Your goal
Once the images are set aside, print the remaining lines below exactly.

Information supplied
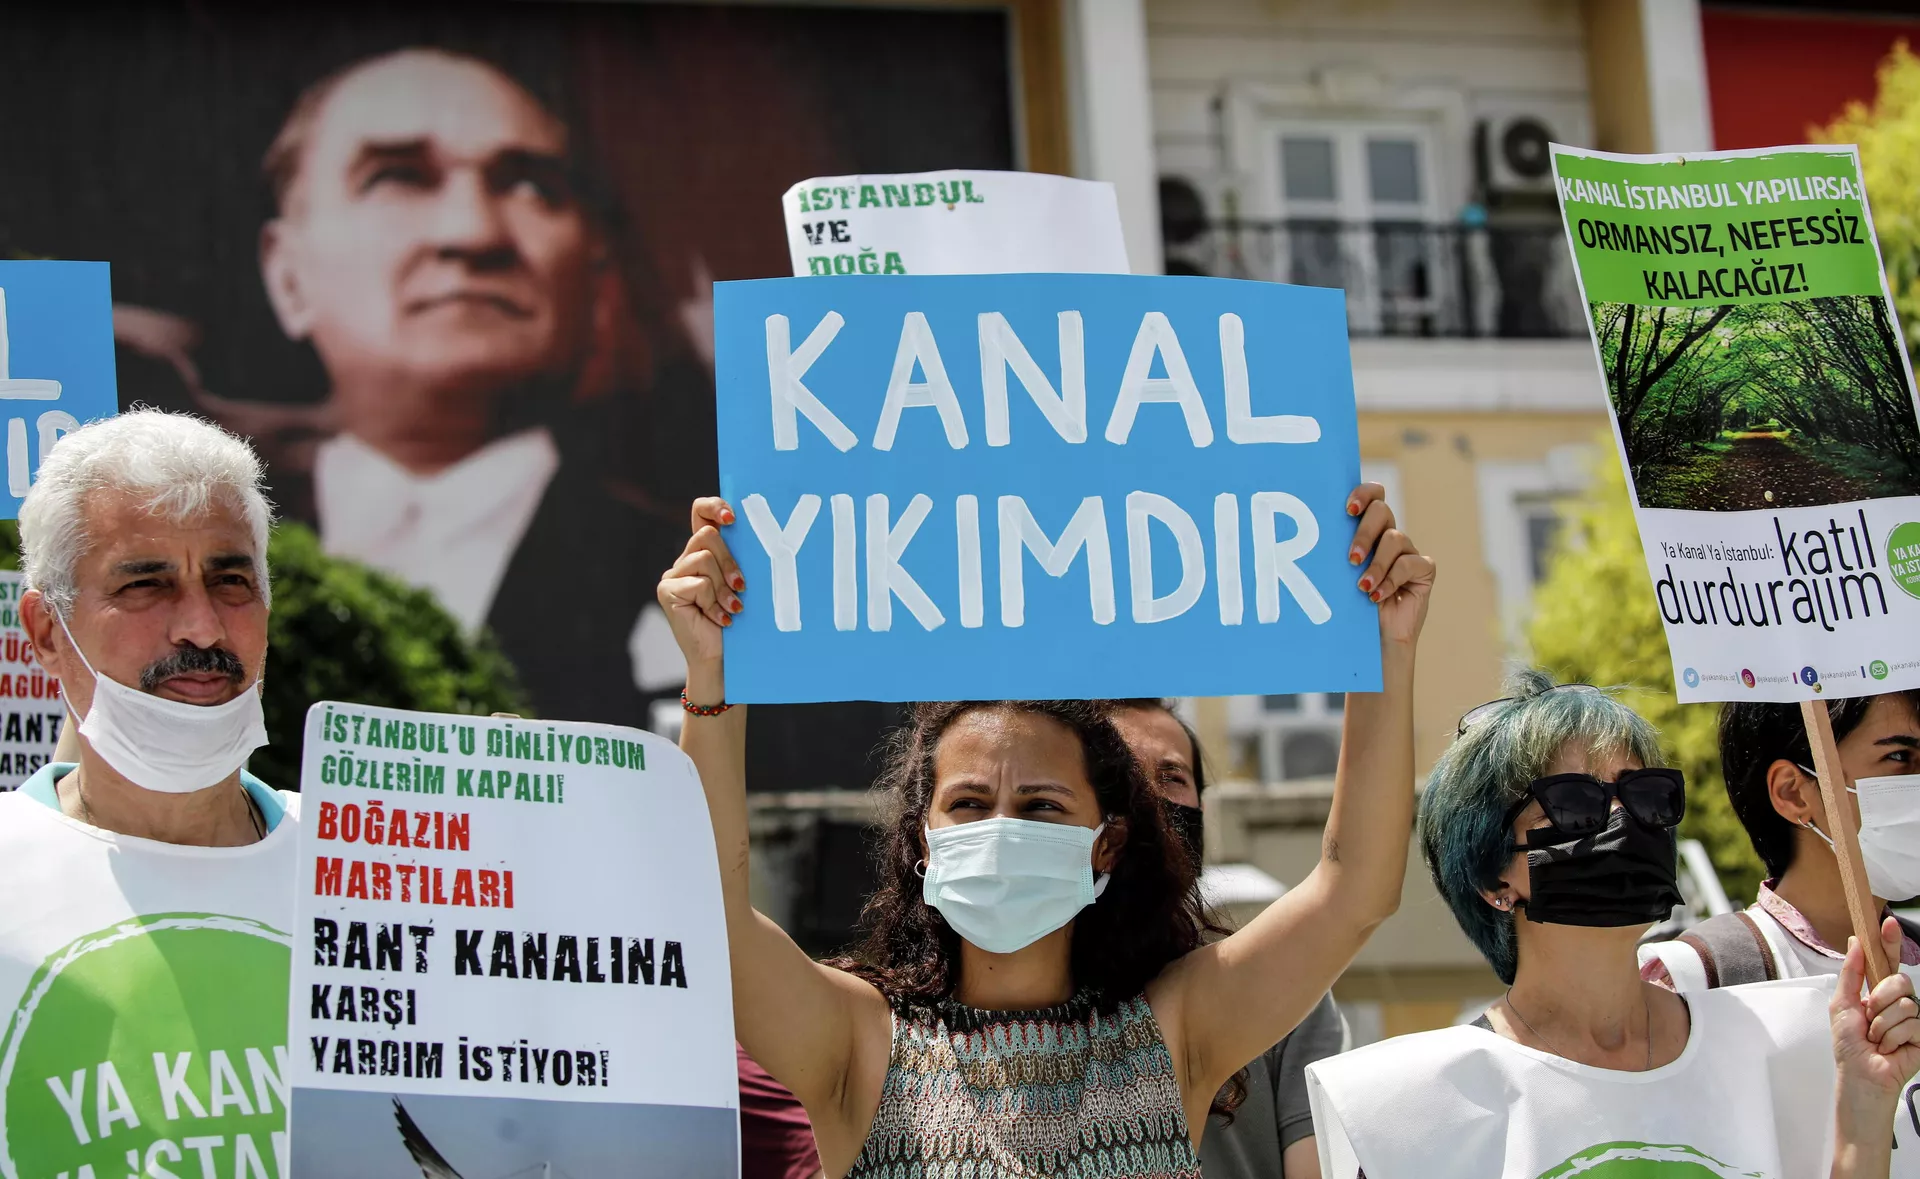 Участники акции протеста против строительства канала "Стамбул"
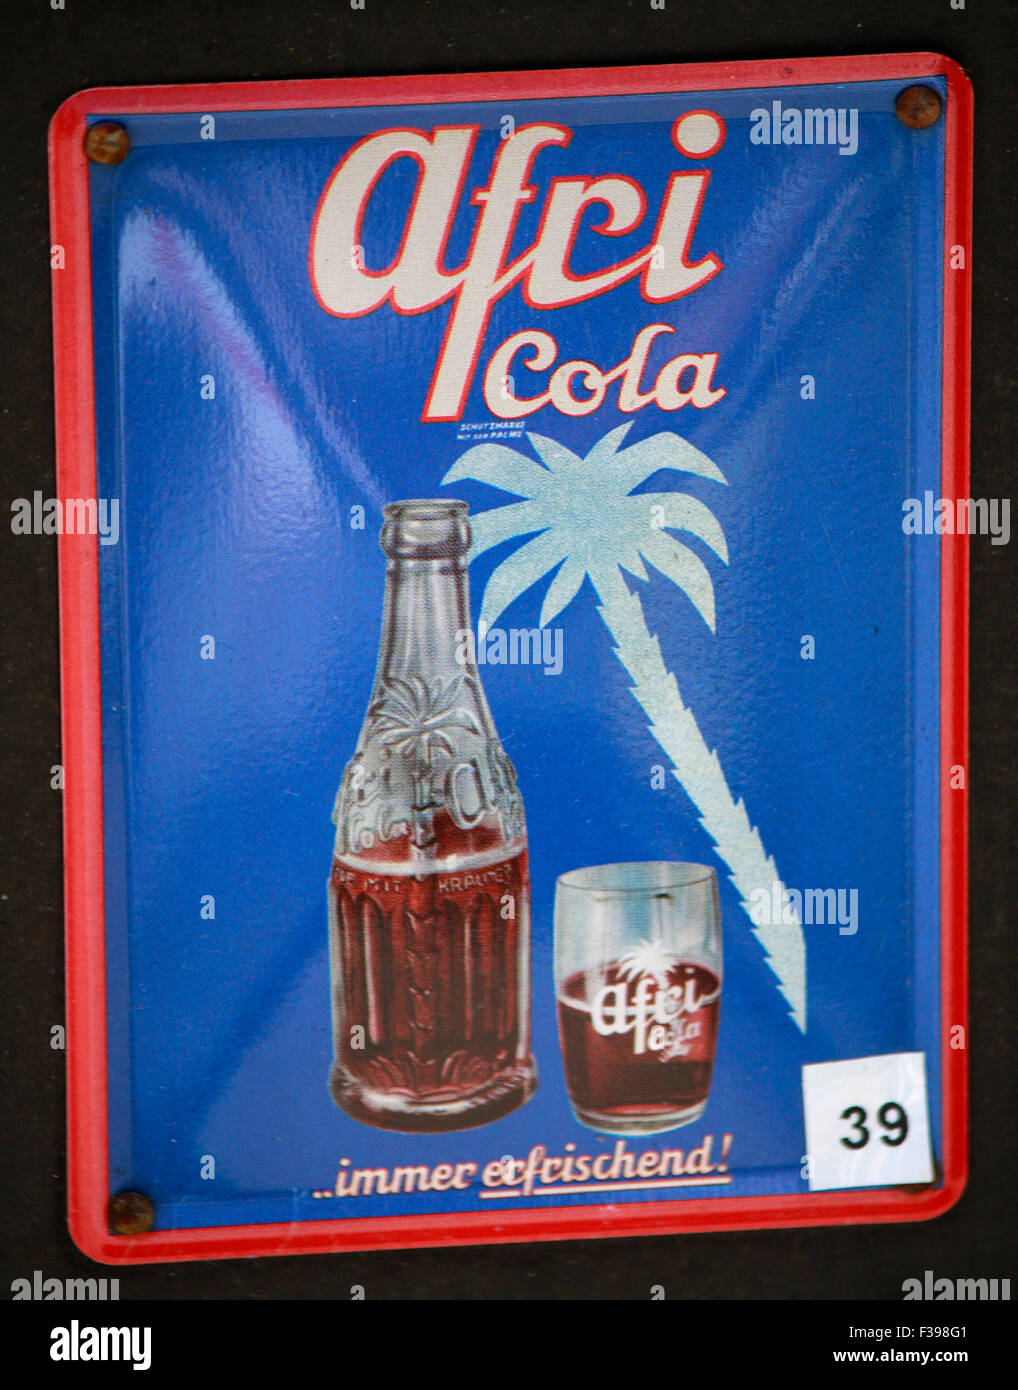 https://c8.alamy.com/comp/F398G1/das-logo-der-marke-afri-cola-berlin-F398G1.jpg
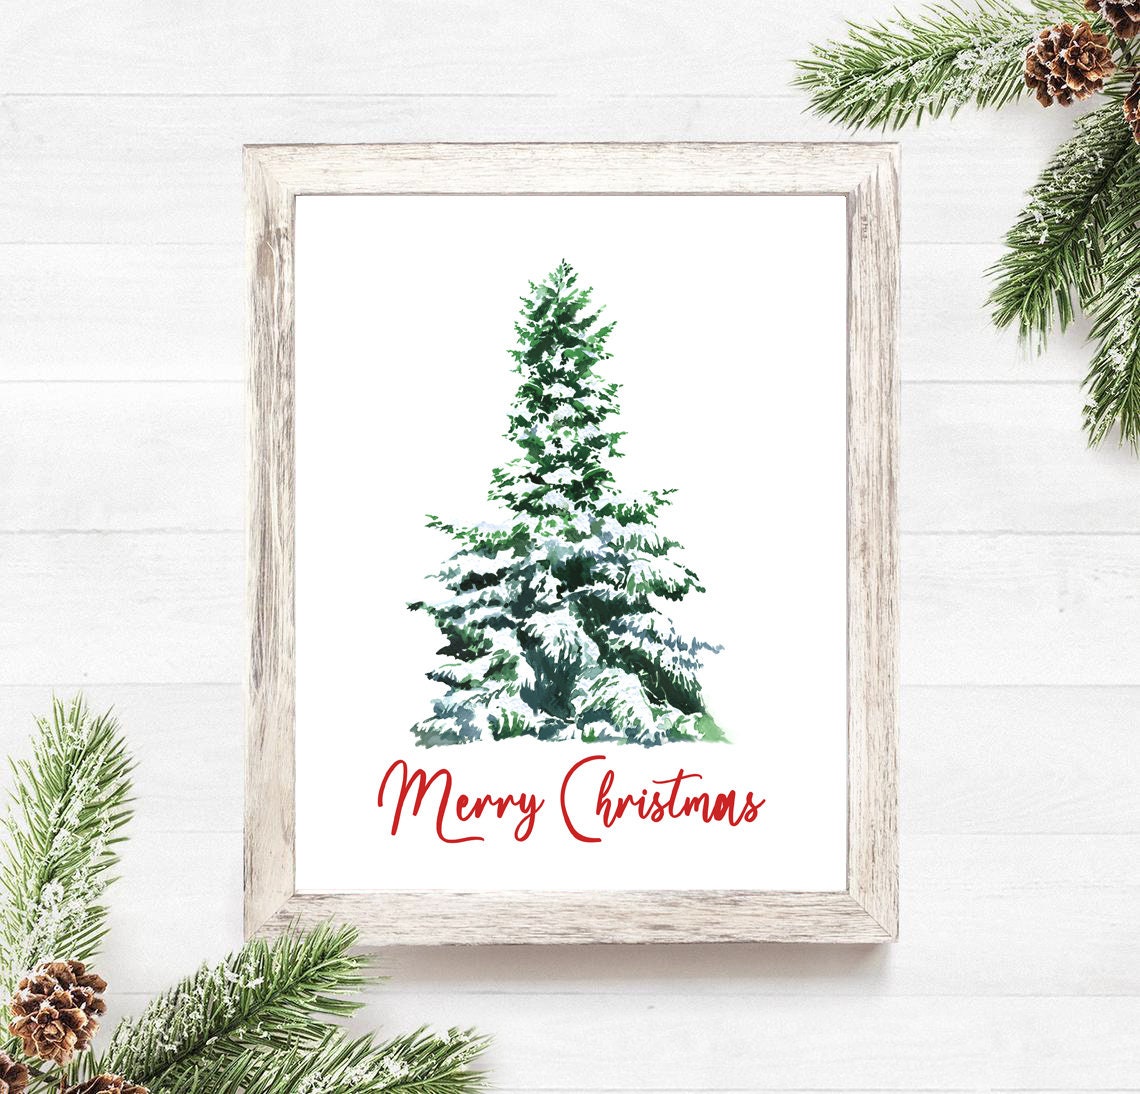 Pine tree merry christmast wood sign Print printable Wall | Etsy
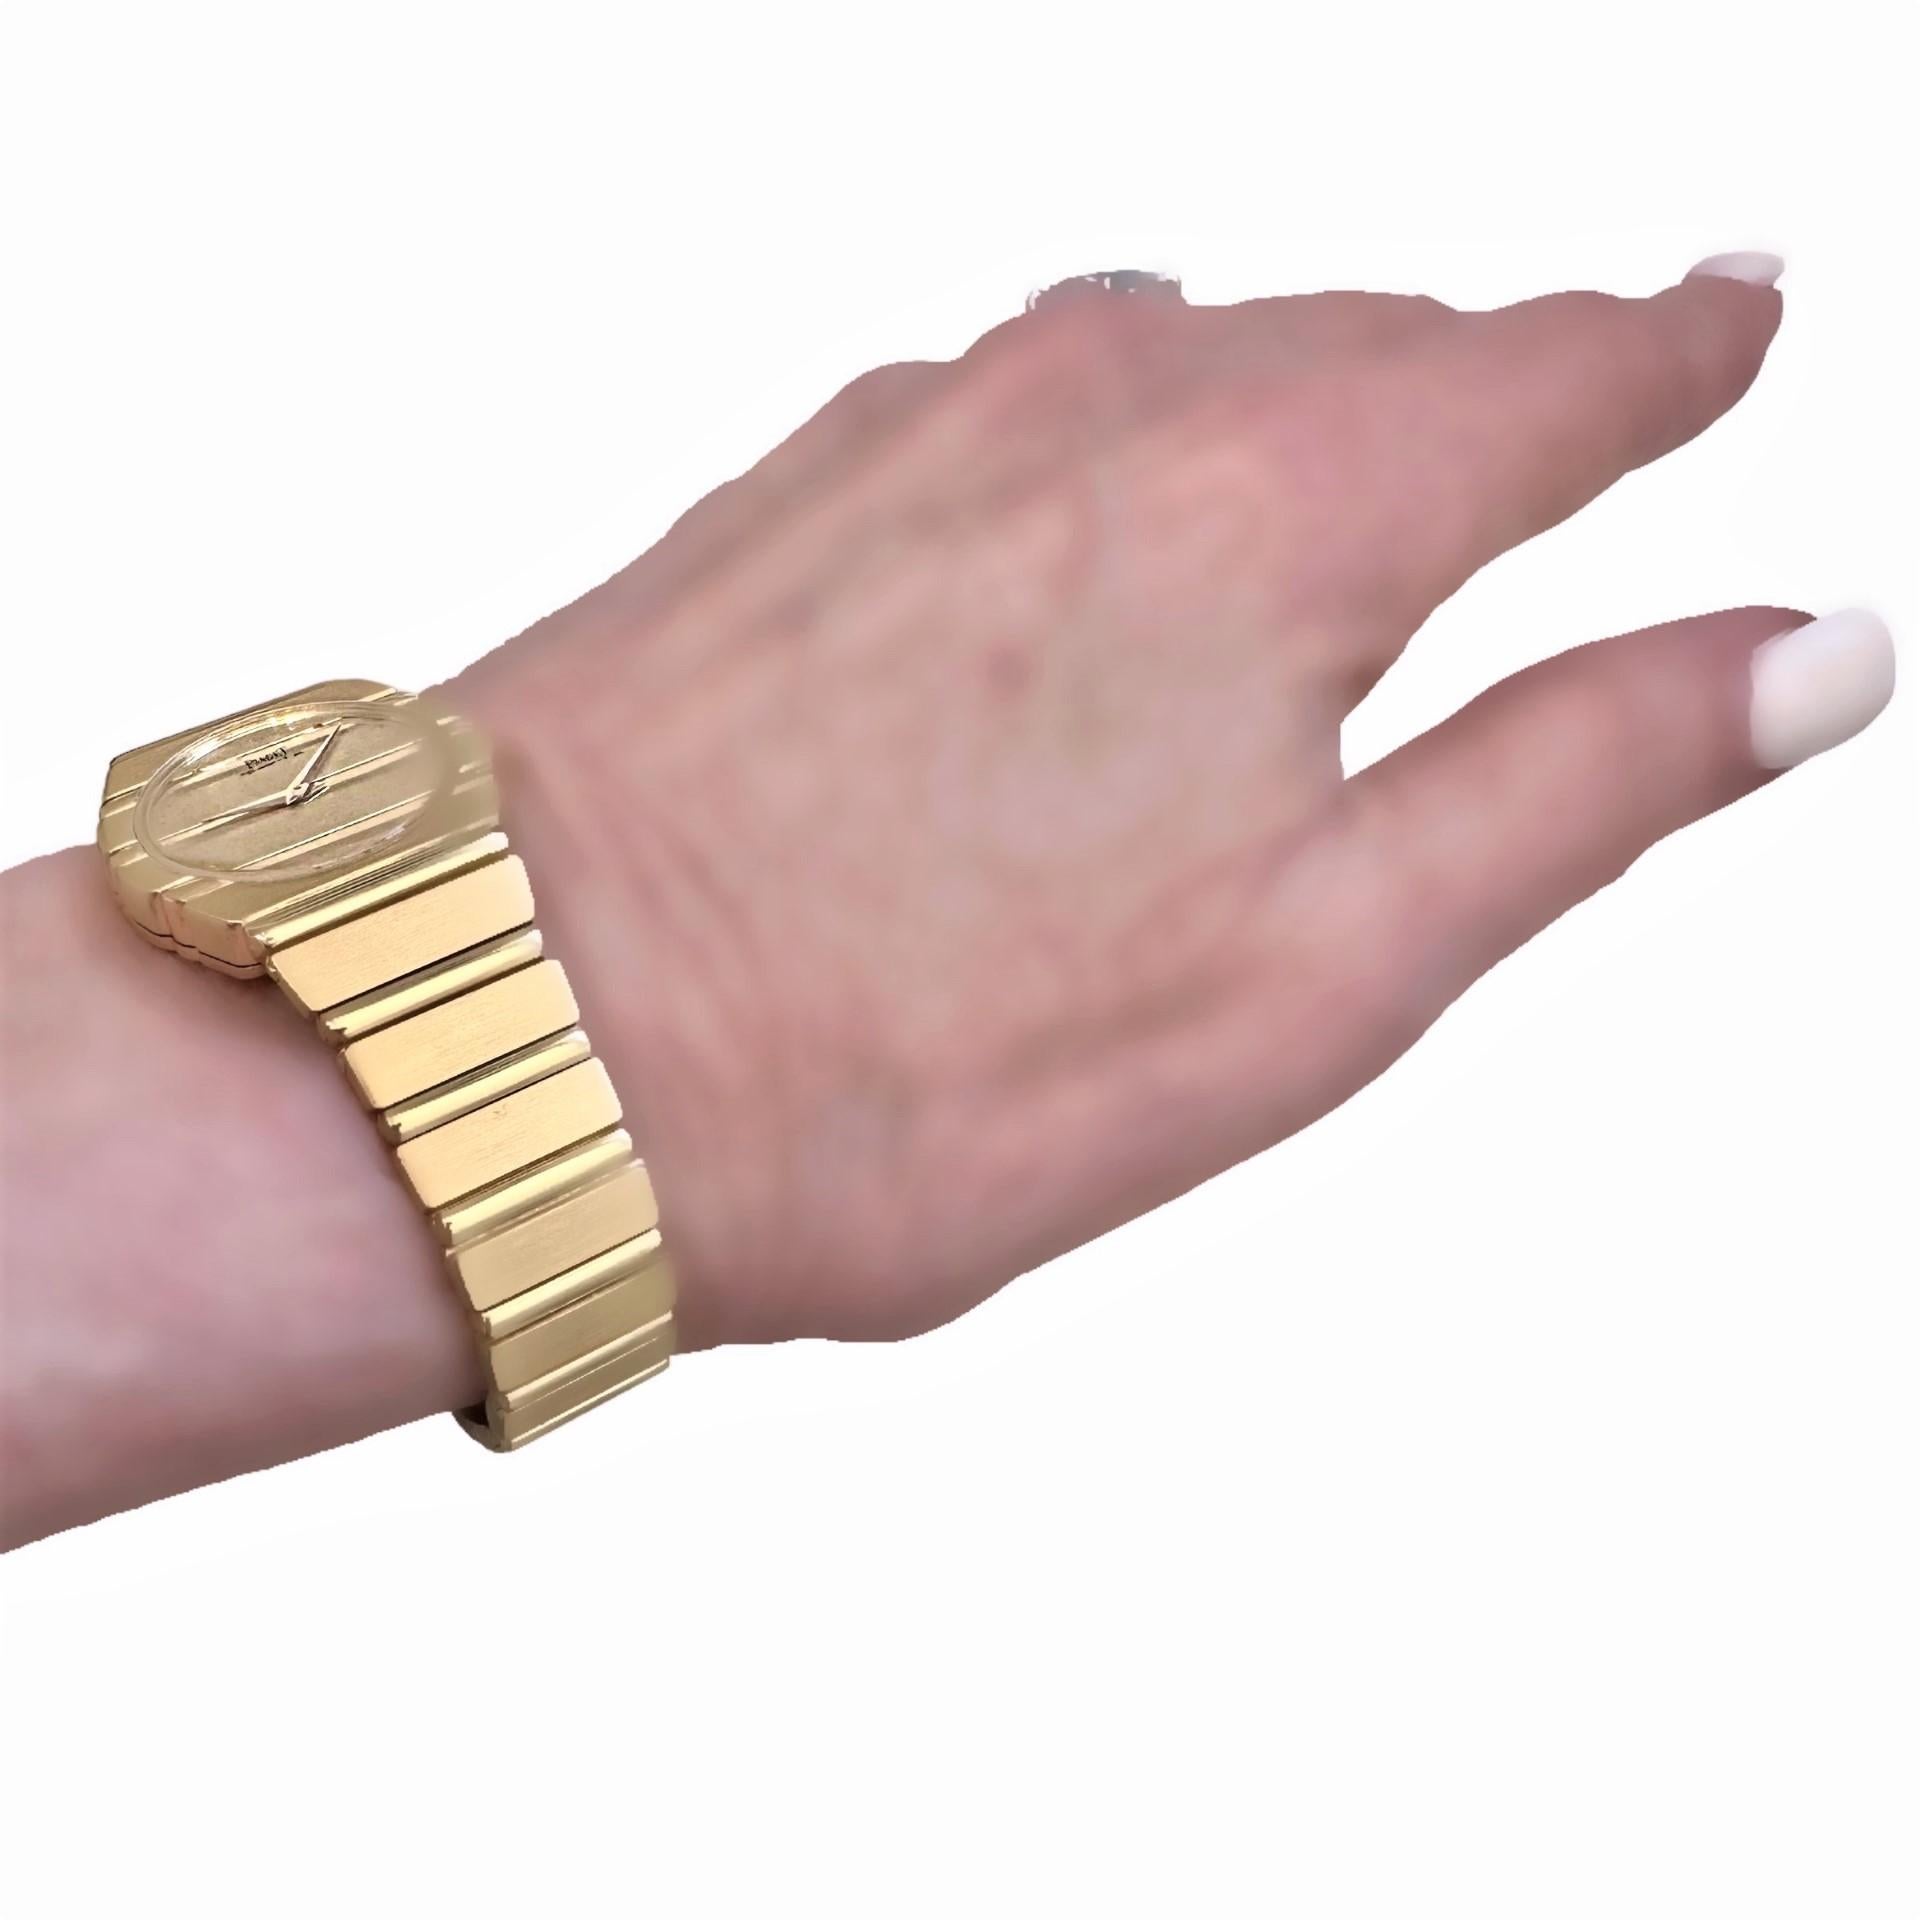 Classic Mid-size Piaget Polo Wrist Watch with Piaget Original Quartz Movement 2

Finished task
 Участники акции протеста против строительства канала "Стамбул"
 https://c8.alamy.com/comp/F398G1/das-logo-der-marke-afri-cola-berlin-F398G1.jpg
 Pine tree merry christmast wood sign Print printable Wall | Etsy
 Classic Mid-size Piaget Polo Wrist Watch with Piaget Original Quartz Movement 2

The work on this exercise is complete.